▶ **Source data**

'''

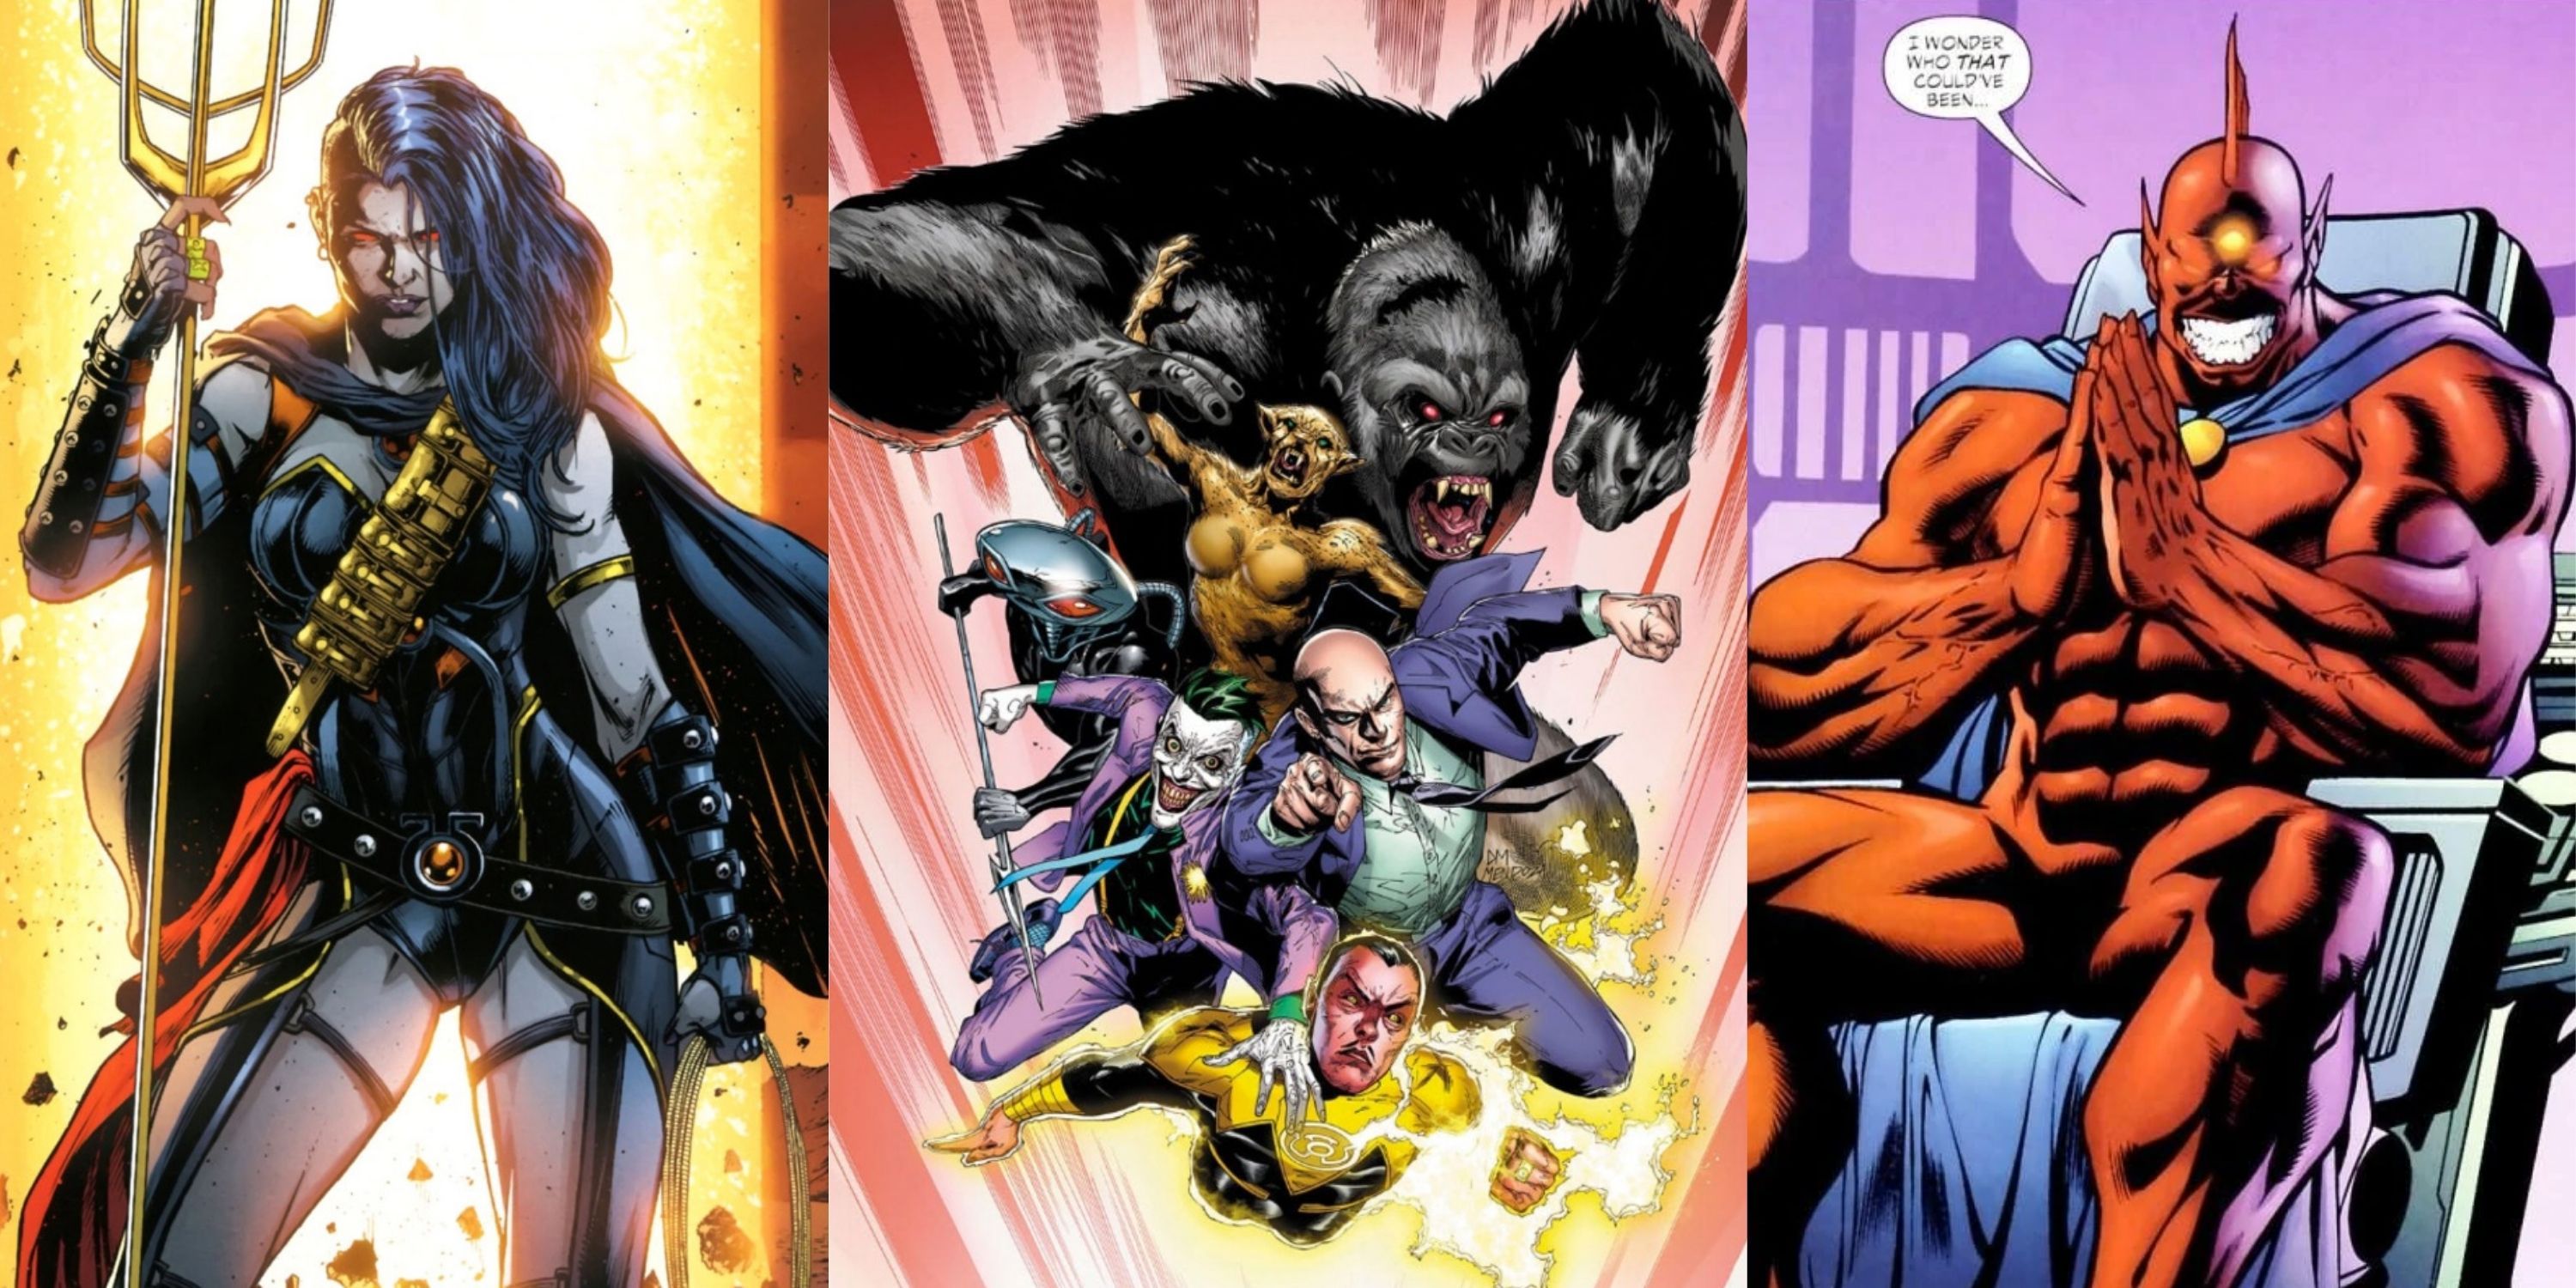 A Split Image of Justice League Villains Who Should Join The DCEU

'''
'''

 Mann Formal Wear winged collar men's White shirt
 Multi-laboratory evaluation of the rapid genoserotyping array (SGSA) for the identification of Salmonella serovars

'''

▶ **Task details**
From the data above, reproduce word for word the lines running from the line with "Mann Formal Wear" to the line with "Multi-laboratory evaluation of", ends included.

▶ **Reply**
 Mann Formal Wear winged collar men's White shirt
 Multi-laboratory evaluation of the rapid genoserotyping array (SGSA) for the identification of Salmonella serovars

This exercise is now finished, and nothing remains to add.